~from Communications Coordinator Jill Salahub

Disclaimer: I’m completely obsessed with Roxane Gay right now. I finally started Bad Feminist recently, which I’d been wanting to read ever since that time a few years ago at a department picnic when I asked Antero Garcia (who at the time was a CSU English department faculty member) about his t-shirt, which said “Bad Feminist.” I didn’t get what I thought was the joke of his shirt, and he explained to me it was a book. I went home and googled Roxane Gay, but it would be two more years before I’d read any of her books.

I’m almost done with Bad Feminist. It rests on my kitchen table, and anytime I sit down there, I read another essay or two. I know I’m late to the party, but this book is brilliant in the way that it merges academic critique, pop culture commentary, and personal experience. The only “failure” of the book is that I can’t sit down with Gay at my kitchen table after I read any of it to talk with her further. To say it is “thought provoking” doesn’t even begin to cover it. The book was a New York Times best-seller, and a Time magazine reviewer called it “a manual on how to be human.”

I just finished Difficult Women and An Untamed State, and am almost done with Ayiti. They are on my Kindle, which I use mostly to read in bed at night after my husband and dogs are asleep. Over the past month, I’ve spent many a night falling asleep in its glow because I try so hard to stay awake, want so badly to keep reading even as my body shuts down. Difficult Women in particular had a haunting effect on me. Days after reading a particular story, I’d still be thinking about it. There were a few of the stories that held me in such a fugue that when I got to the end, I momentarily couldn’t remember what I was reading or who had written it — because I’d been so thoroughly IN it, lost in the story completely.

Harper Collins says of her upcoming Hunger: A Memoir of (My) Body,

With the bracing candor, vulnerability, and authority that have made her one of the most admired voices of her generation, Roxane explores what it means to be overweight in a time when the bigger you are, the less you are seen. Hunger is a deeply personal memoir from one of our finest writers, and tells a story that hasn’t yet been told but needs to be.

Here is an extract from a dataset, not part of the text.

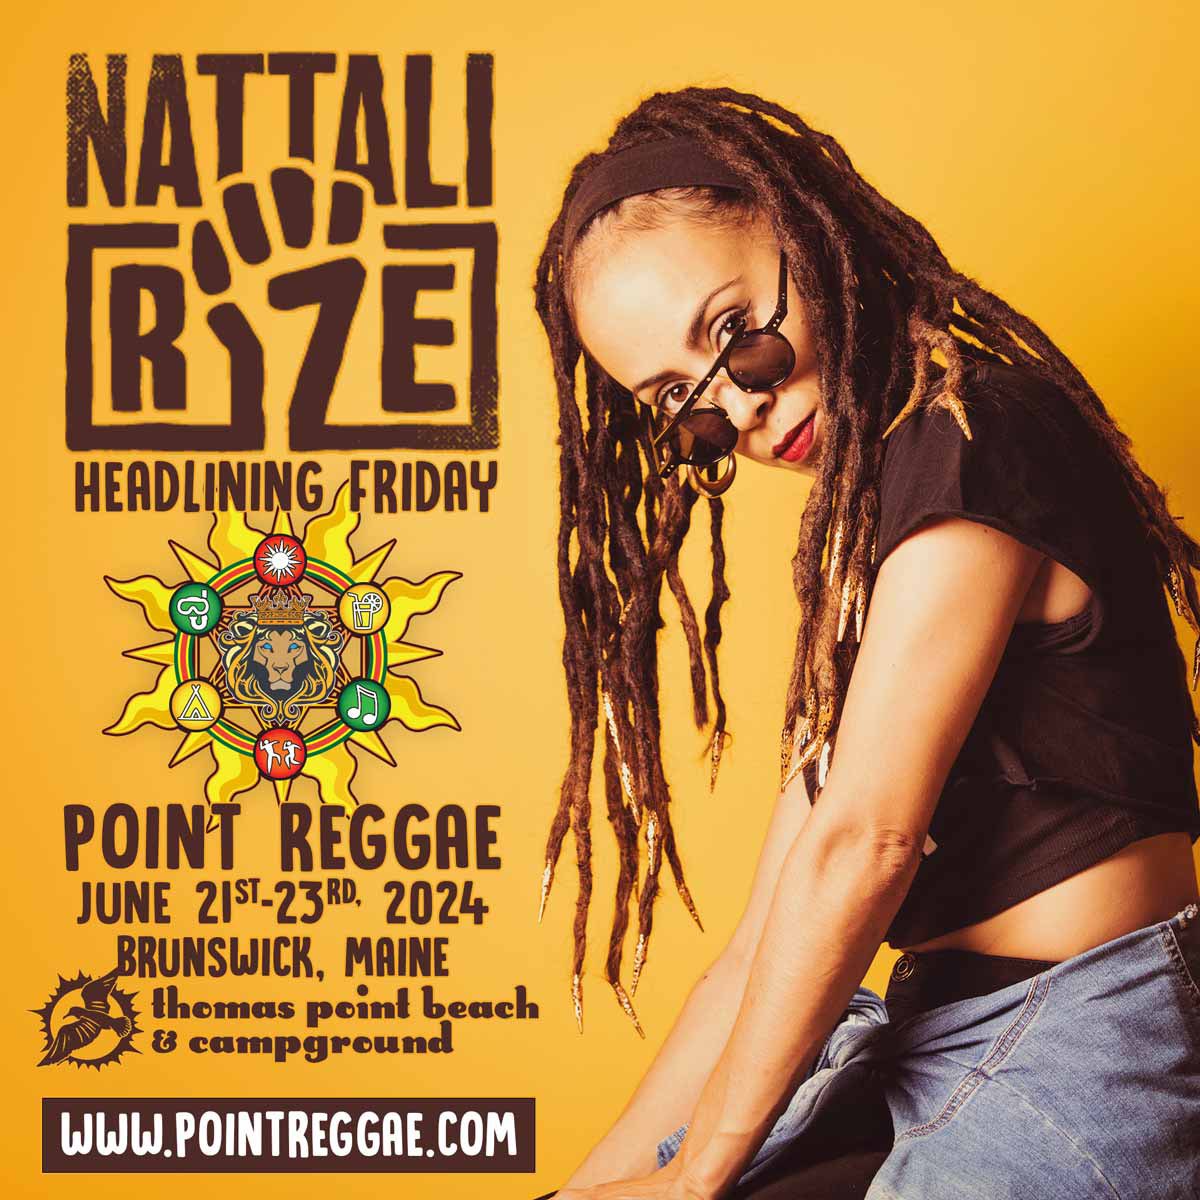 First show announcement for 2024 🌞 See You at @PointReggaeFest Brunswick ME USA for summer solstice positive waterfront vibrations. This is easily one of my favorite events on the east coast, amazing location, swimming & camping spots 🌲🌞🌊 tix & info pointreggae.com

And finally there is World of Wakanda, a spin-off from Marvel’s Black Panther title, making Gay one of the first black women to be a lead writer for the publisher. She’s also published multiple essays, stories, commentaries, and articles in various publications and collections.

Roxane Gay is an American feminist writer, professor, editor and commentator. She was born in Nebraska to Haitian parents. Her family moved around a lot when she was younger, so she found solace in books, started writing when she was four. “I was a loner, shy and awkward,” but she was close with her two siblings, two younger brothers, and had a happy childhood. It ended with a violent sexual assault by a group of boys when she was 12, a subject she’s written about both in fiction and non-fiction. She says that what happened, “was as bad as you might expect. I came home a completely different person.” In her 2015 TED Talk, Gay said,

There was an incident. I call it an incident so I can carry the burden of what happened. Some boys broke me, when I was so young, I did not know what boys can do to break a girl. They treated me like I was nothing. I began to believe I was nothing. They stole my voice, and in the after, I did not dare to believe that anything I might say could matter.

But — I had writing. And there, I wrote myself back together. I wrote myself toward a stronger version of myself. I read the words of women who might understand a story like mine, and women who looked like me, and understood what it was like to move through the world with brown skin. I read the words of women who showed me I was not nothing. I learned to write like them, and then I learned to write as myself. I found my voice again, and I started to believe that my voice is powerful beyond measure.

Through writing and feminism, I also found that if I was a little bit brave, another woman might hear me and see me and recognize that none of us are the nothing the world tries to tell us we are.


Video: Roxane Gay’s TED Talk, “Confessions of a Bad Feminist”

In her mid-teens, she went to an exclusive boarding school, where a teacher saw in her writing both a promising talent and a very troubled person. He facilitated her getting help and encouraged her as a writer. “He taught me craft, and he also taught me discipline. He told me to write every day. I was very impressionable, and so I write every day.” Gay wrote erotica in her early 20s, before shifting to literary fiction and non-fiction as she completed her graduate degrees and started her teaching career. “Although she obviously wishes the rape had never happened, she knows it has shaped her as a writer. ‘I don’t think I would have a fraction of the fierceness in my writing if I hadn’t had to endure that, and the aftermath,’ she says,” (Roxane Gay: meet the bad feminist).

For Gay, writing is a way, “to think through what it means to be in this world.”

I definitely write to reach other people, but I write for myself first. I don’t mean that in an arrogant way. It’s just that this is me trying to make sense of my place, and how did I get here, and why am I so lucky in some ways, and so unlucky in others? So it starts with me, and then I move beyond the self, as much as I can.

As an adult, besides being a teacher and a writer, and a popular speaker, Gay is also a competitive Scrabble player.